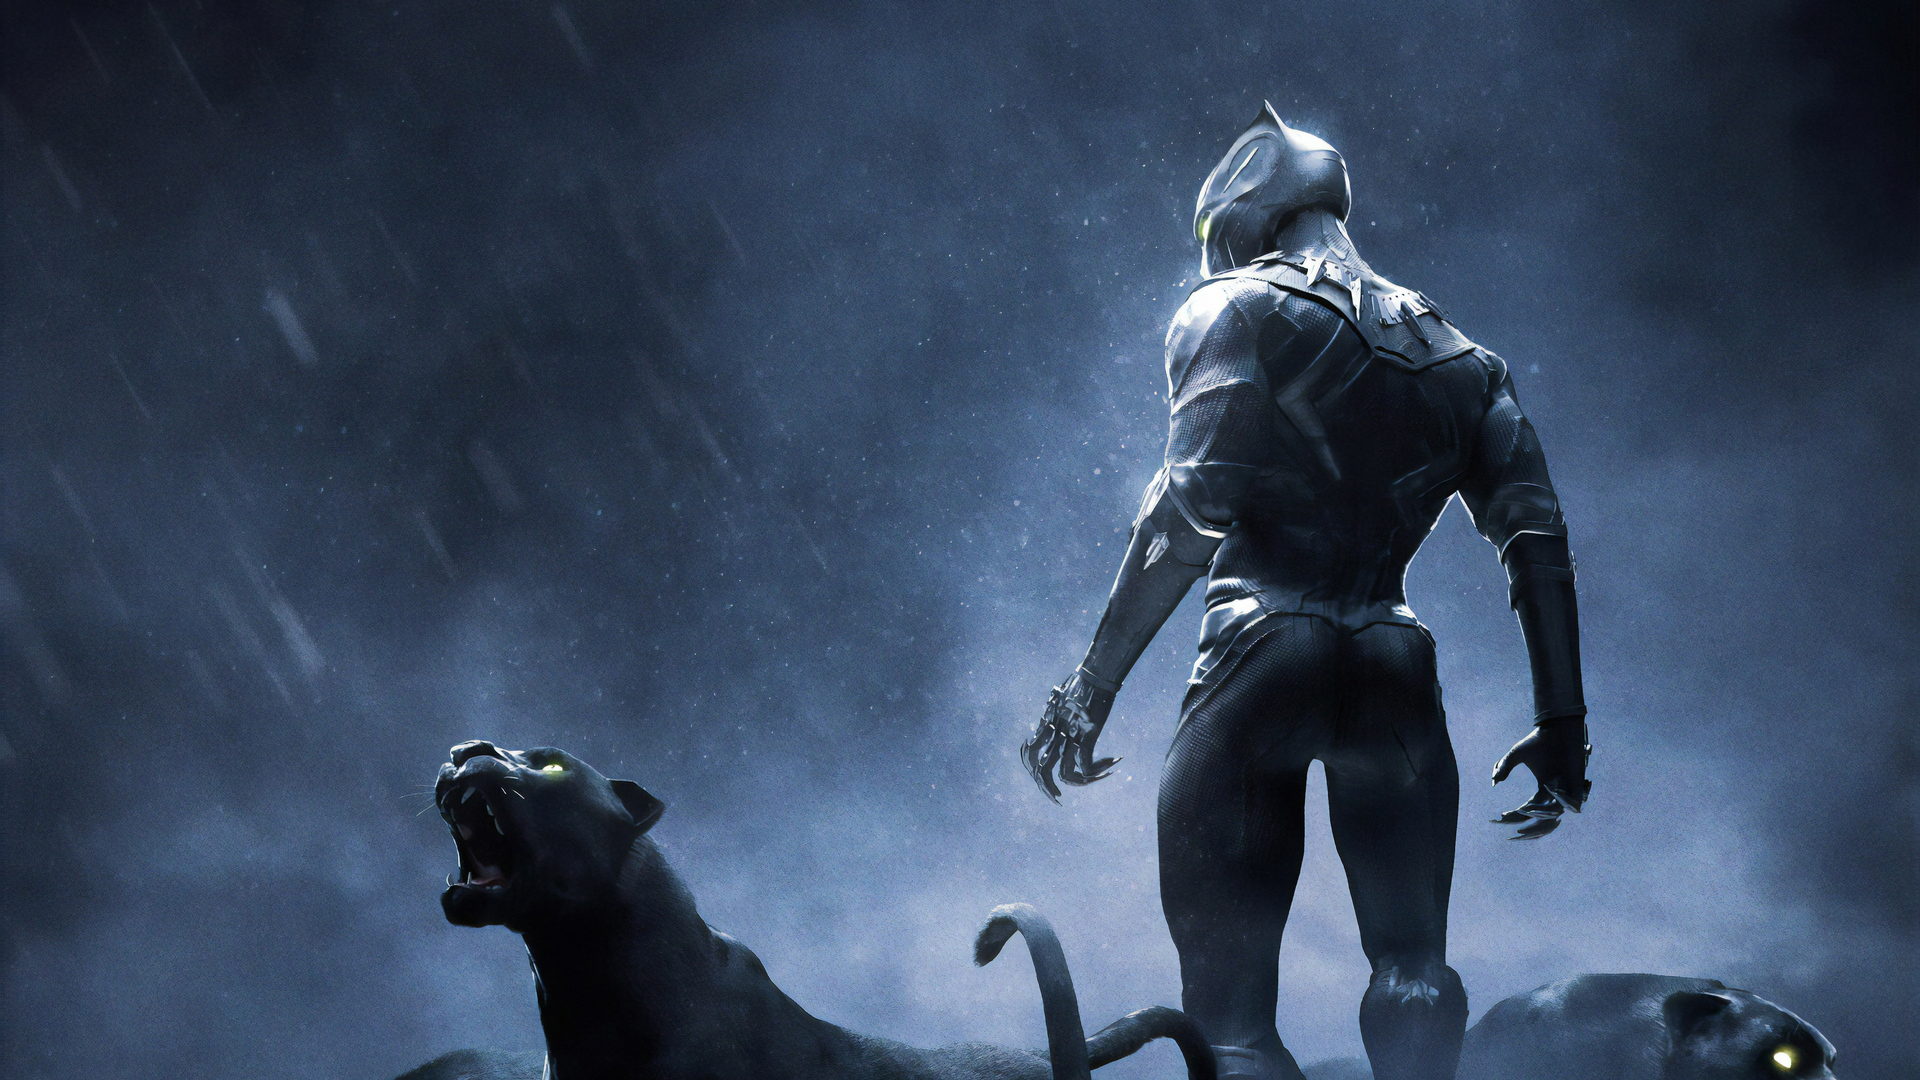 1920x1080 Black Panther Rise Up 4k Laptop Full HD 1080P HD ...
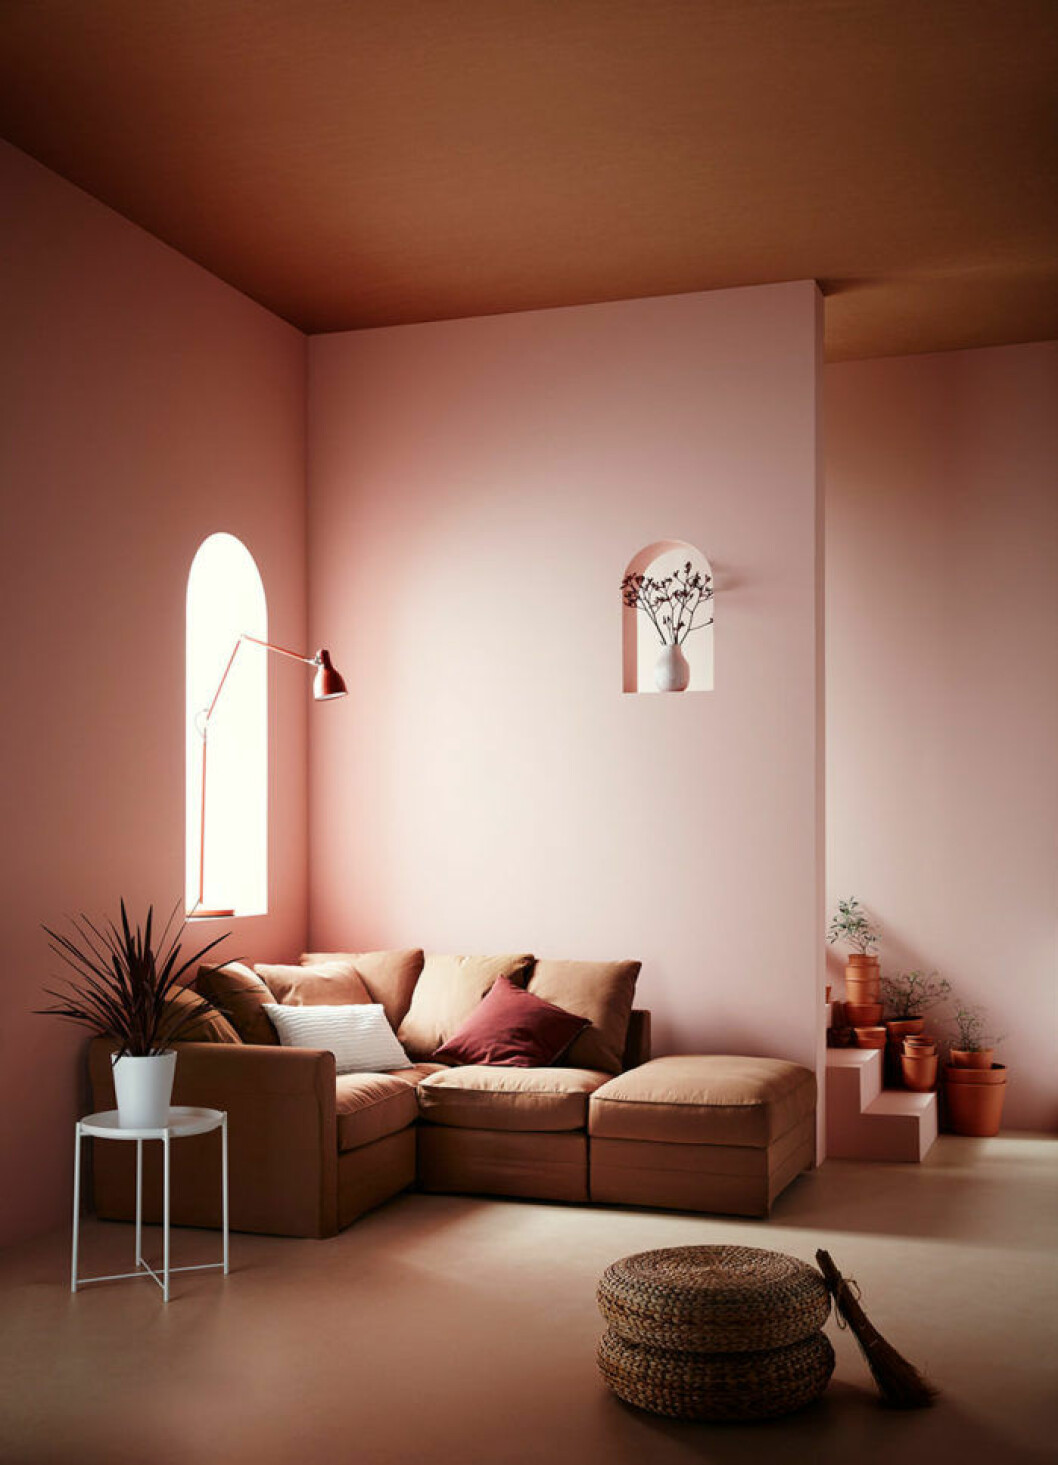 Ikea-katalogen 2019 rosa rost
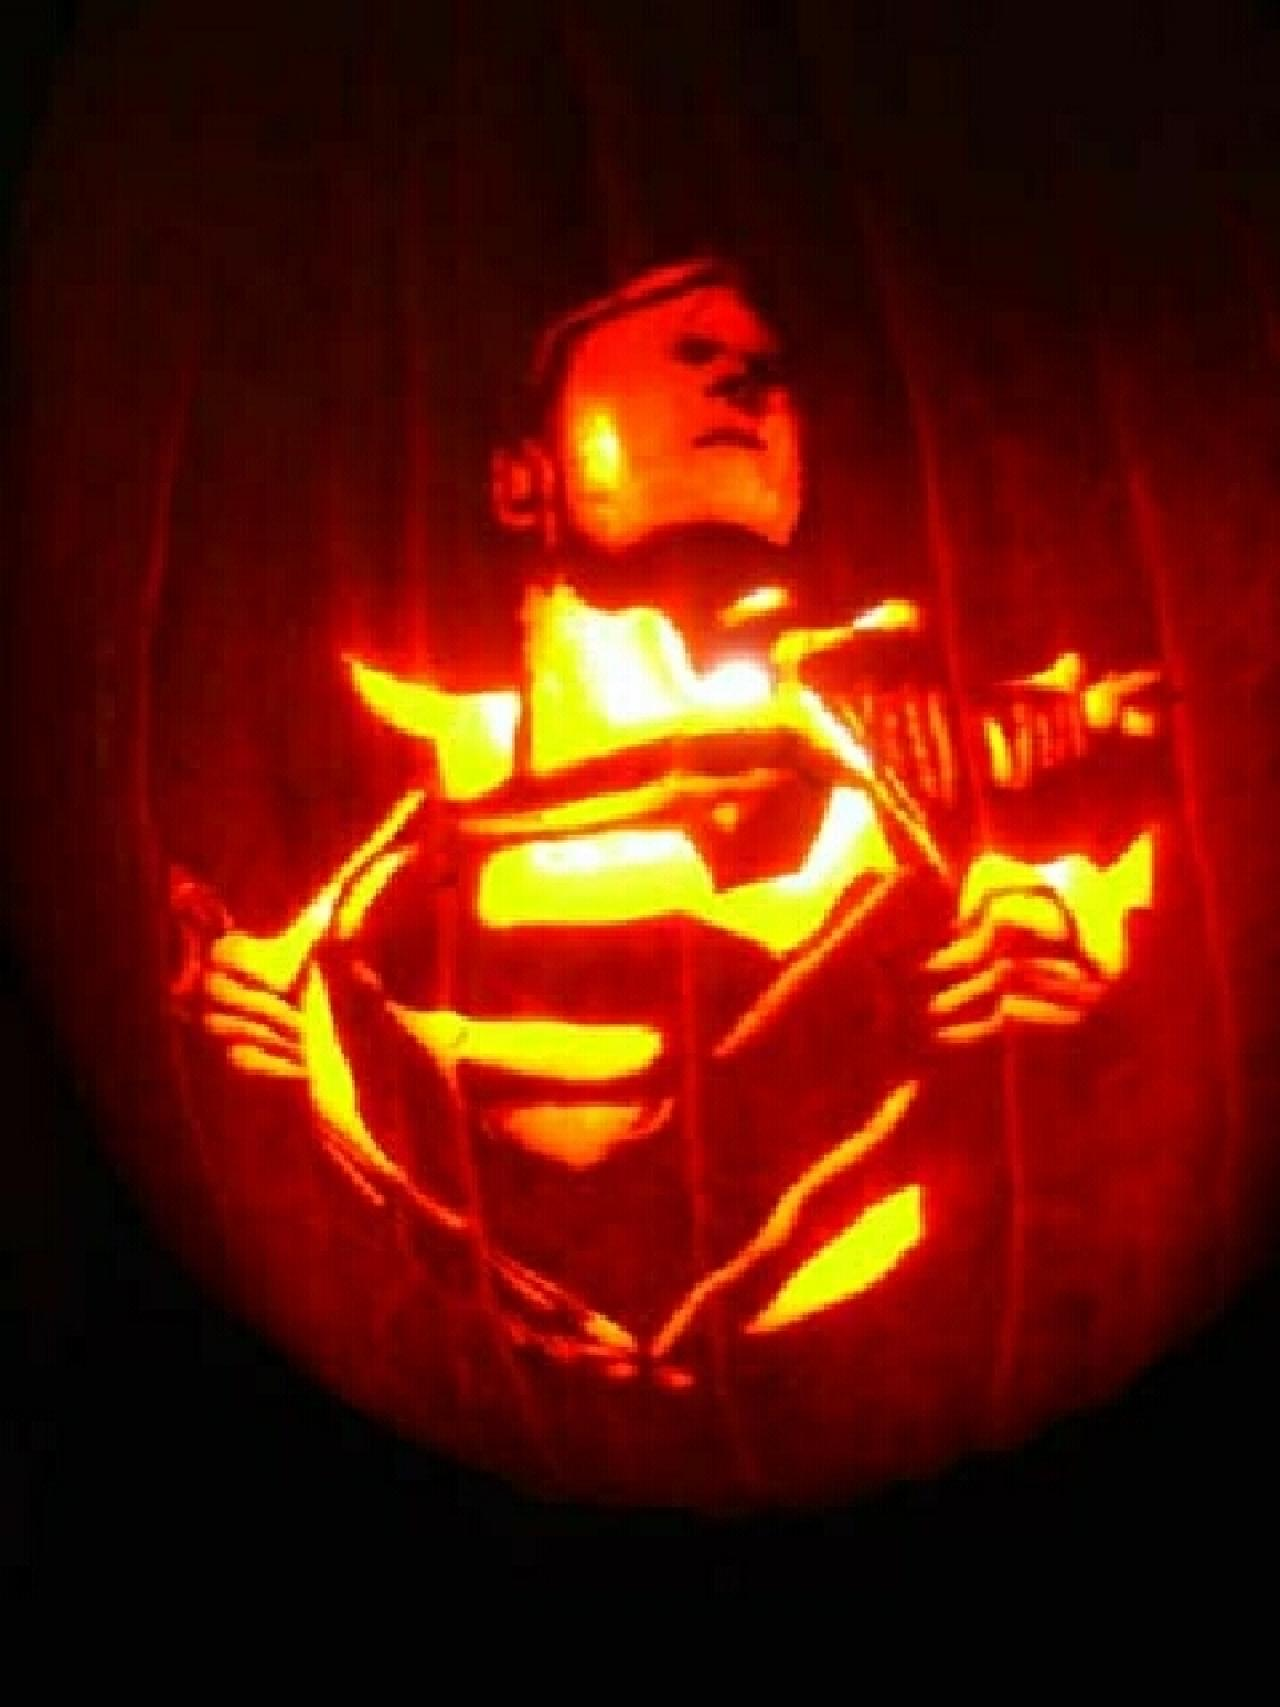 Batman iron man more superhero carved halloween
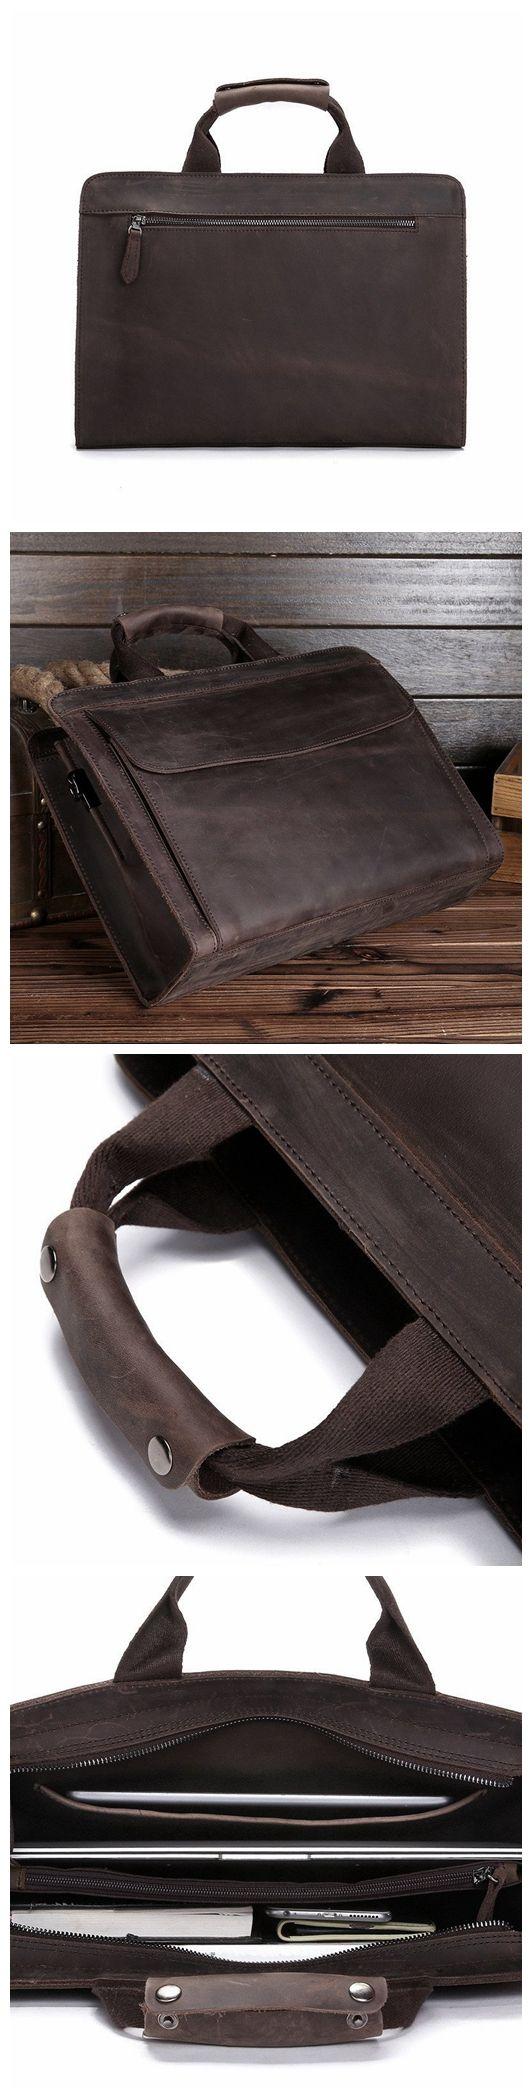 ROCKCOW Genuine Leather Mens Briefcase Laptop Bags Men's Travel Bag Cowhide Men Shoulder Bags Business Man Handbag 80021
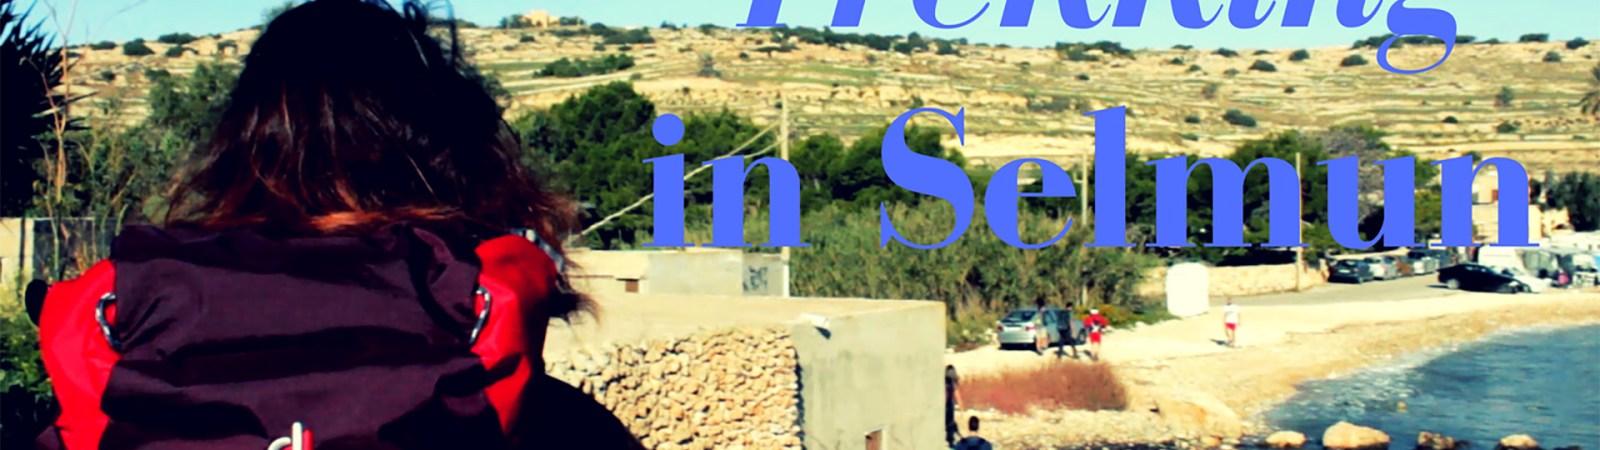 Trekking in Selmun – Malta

• [Goal of the exercise]:
Produce a verbatim transcription of every line in the listing, images omitted.

• [Result]:
 1920x1080 Black Panther Rise Up 4k Laptop Full HD 1080P HD ...
 Ikea-katalogen 2019 rosa rost
 Batman iron man more superhero carved halloween
 ROCKCOW Genuine Leather Mens Briefcase Laptop Bags Men's Travel Bag Cowhide Men Shoulder Bags Business Man Handbag 80021
 Trekking in Selmun – Malta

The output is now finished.